Eine Besatzungsmacht kann militärische Gewalt als Selbstverteidigung in einem Territorium, für das sie als Besatzer die Verantwortung trägt, nicht rechtmäßig einsetzen.

Wie auch immer, Leute und/oder Gruppen, die schwächere Gruppen unterdrücken, versuchen den elementaren gesunden Menschenverstand abzustreiten und die Regeln für das, was sie tun umzuschreiben, um sich in Hinblick auf ihre furchtbaren Taten besser zu fühlen. Zum Beispiel erlegte sich die spanische Inquisition selbst kleine Regeln auf für die Behandlung ihrer Folteropfer, wie zum Beispiel, dass diese nicht bluten sollten. Anstatt also Daumenschrauben zu verwenden (eine Euro-Lieblingstechnik), verbrannte die Inquisition die Menschen lebendig, da das, wie sie in ihrem Irrsinn behaupteten, die Menschen nicht zum Bluten brachte und somit die Inquisitoren der Moral und dem Gesetz treu waren, zumindest in ihren verschissenen und selbstgerechten Hirnen. (Sie ließen Menschen durch verschiedene Foltern auch bluten, indem sie einfach ihre eigenen Regeln nicht einhielten.)
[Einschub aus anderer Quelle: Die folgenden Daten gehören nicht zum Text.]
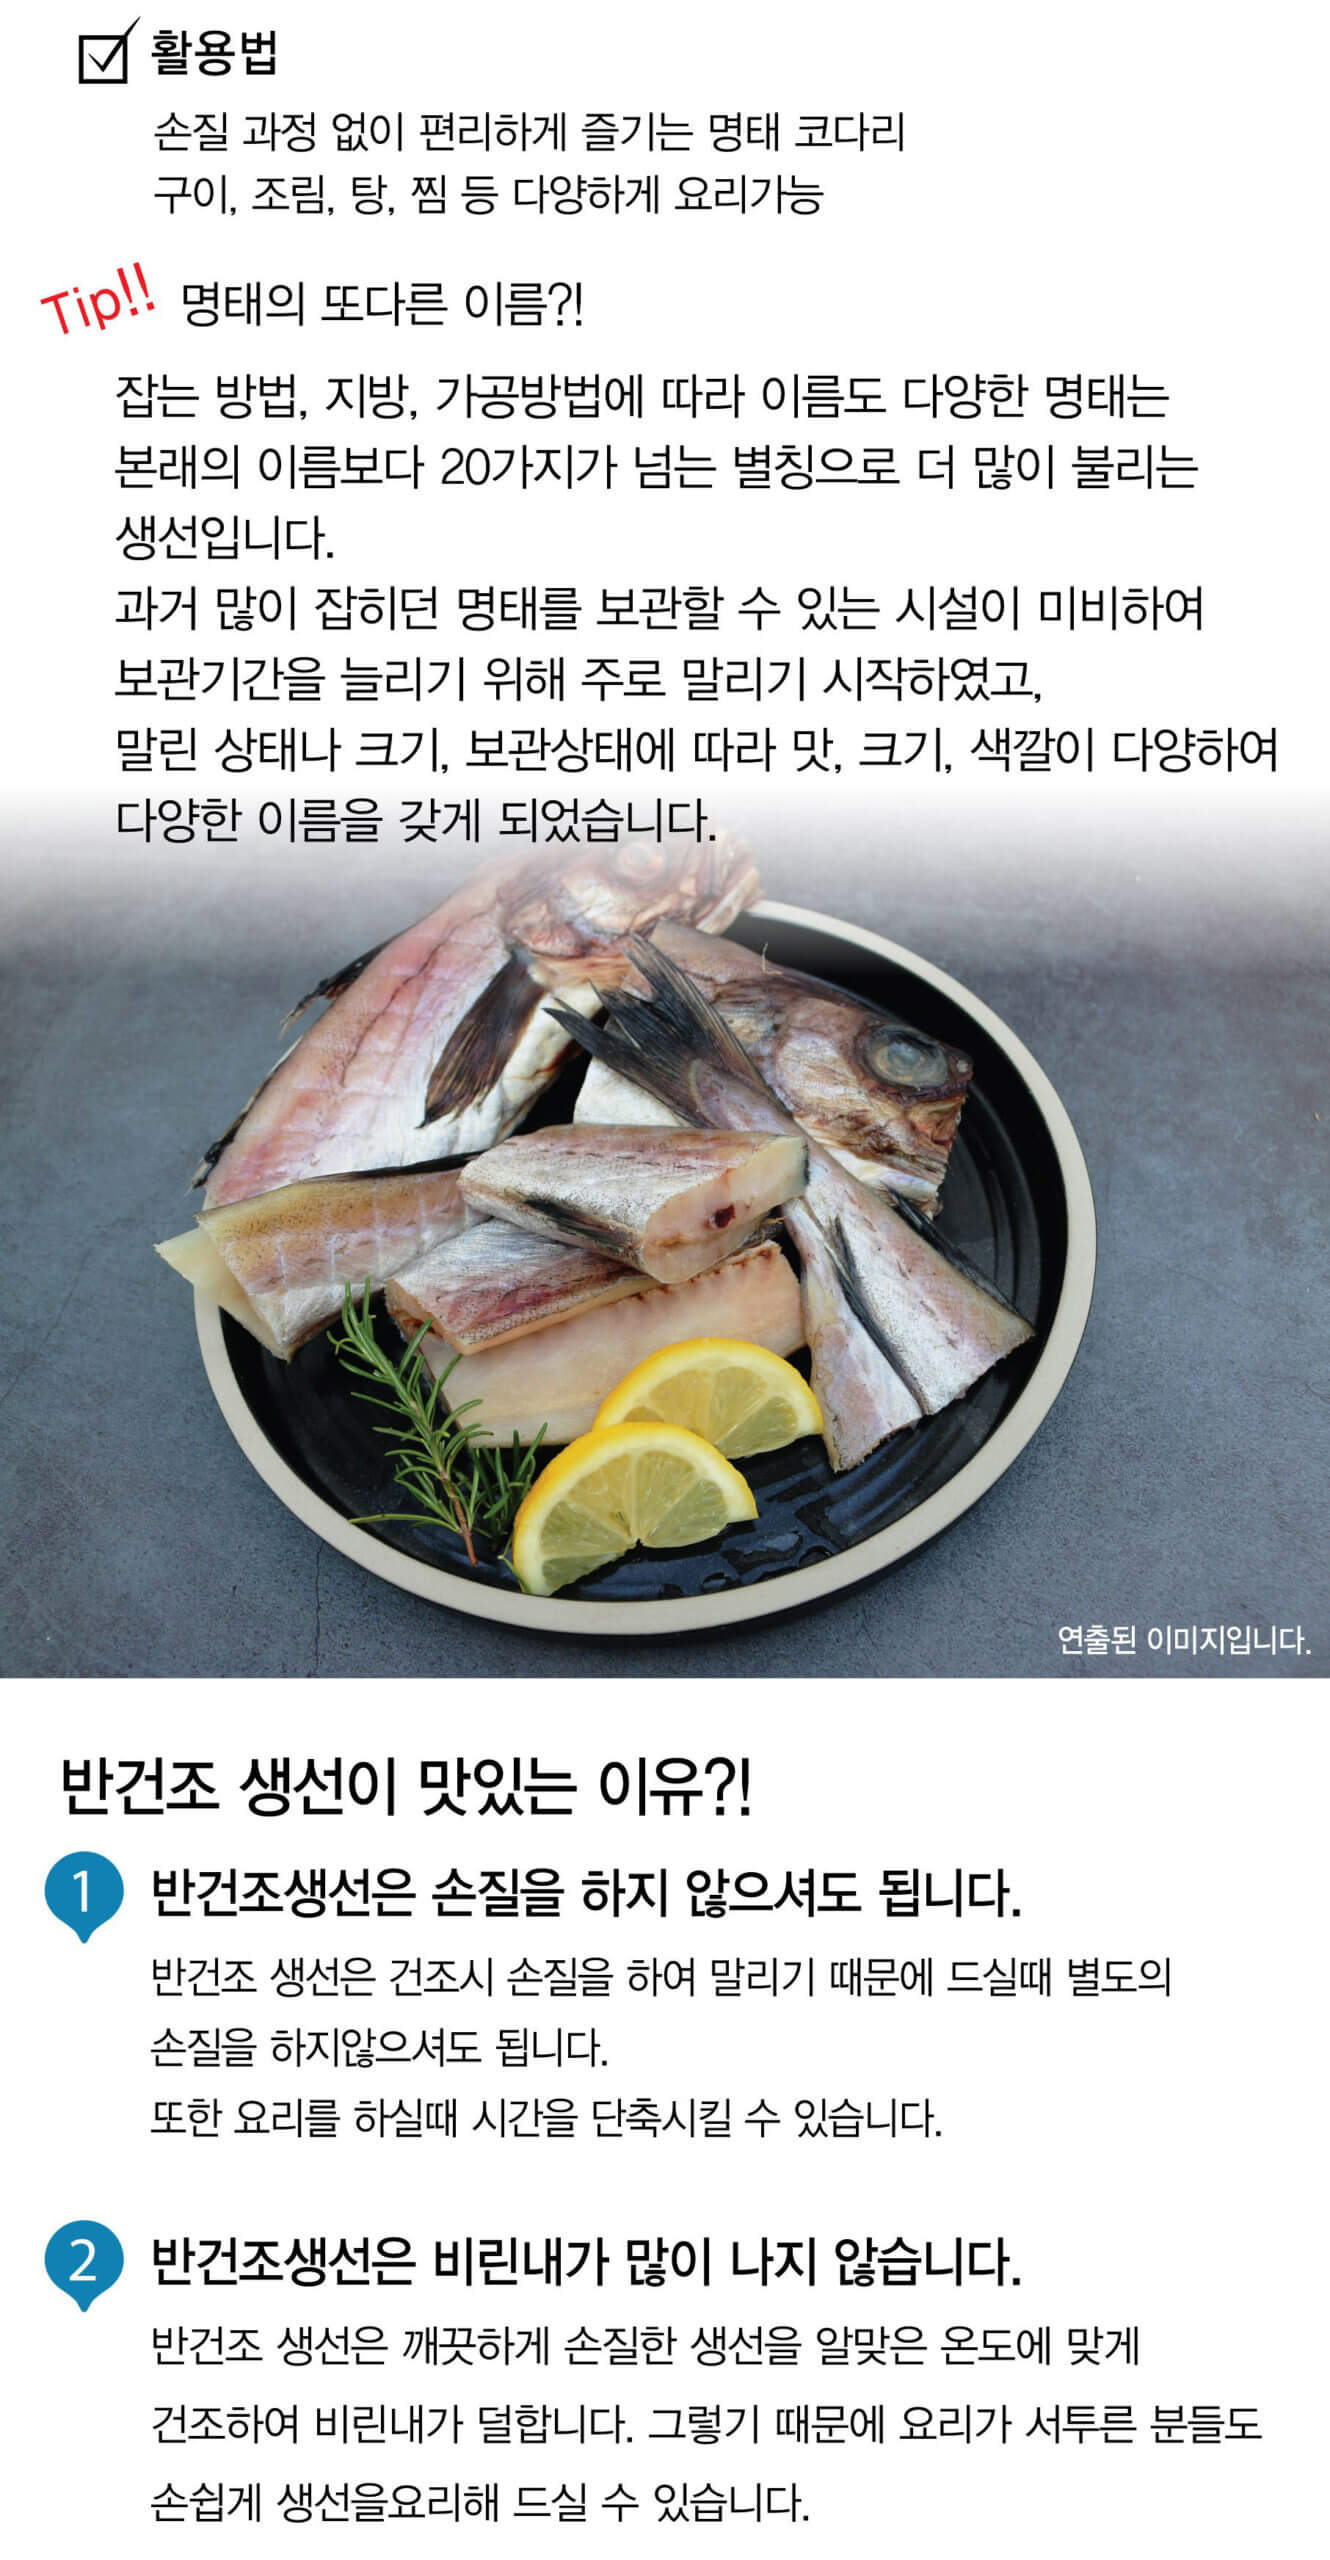 韓國食品-[프리미어] 손질 절단 코다리 1kg

Das ist natürlich das, was Israel, die Vereinigten Staaten von Amerika und alle korrupten widerlichen Machtzentren machen. Erakat erklärt, wie Israel diese Spiele mit dem Internationalen Recht spielt: 

Israel versucht, sich um das Internationale Recht herumzuschwindeln, indem es behauptet, die palästinensischen Territorien im Sinne des Internationalen Rechts nicht zu okkupieren. Der Unsicherheitsrat, der Internationale Gerichtshof, die UNO-Vollversammlung und nicht zuletzt der israelische oberste Gerichtshof haben diese Position der israelischen Regierung rundweg zurückgewiesen.
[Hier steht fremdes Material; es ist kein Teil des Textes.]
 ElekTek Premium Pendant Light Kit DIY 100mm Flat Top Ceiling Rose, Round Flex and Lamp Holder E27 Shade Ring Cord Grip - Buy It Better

In seiner Sitzung im Jahr 2012 beschrieb das UN-Komitee für die Abschaffung von Rassendiskriminierung die derzeitigen Umstände nach Jahrzehnten der Besatzung und der damit verbundenen Repression als gleichbedeutend mit Apartheid.

(Der Internationale Gerichtshof urteilt, dass „Artikel 51 der Charta [das Recht auf Selbstverteidigung] keine Bedeutung hat“ in Hinblick auf Israels Angriffe und Massaker in den Territorien, die es illegal okkupiert und kolonisiert.)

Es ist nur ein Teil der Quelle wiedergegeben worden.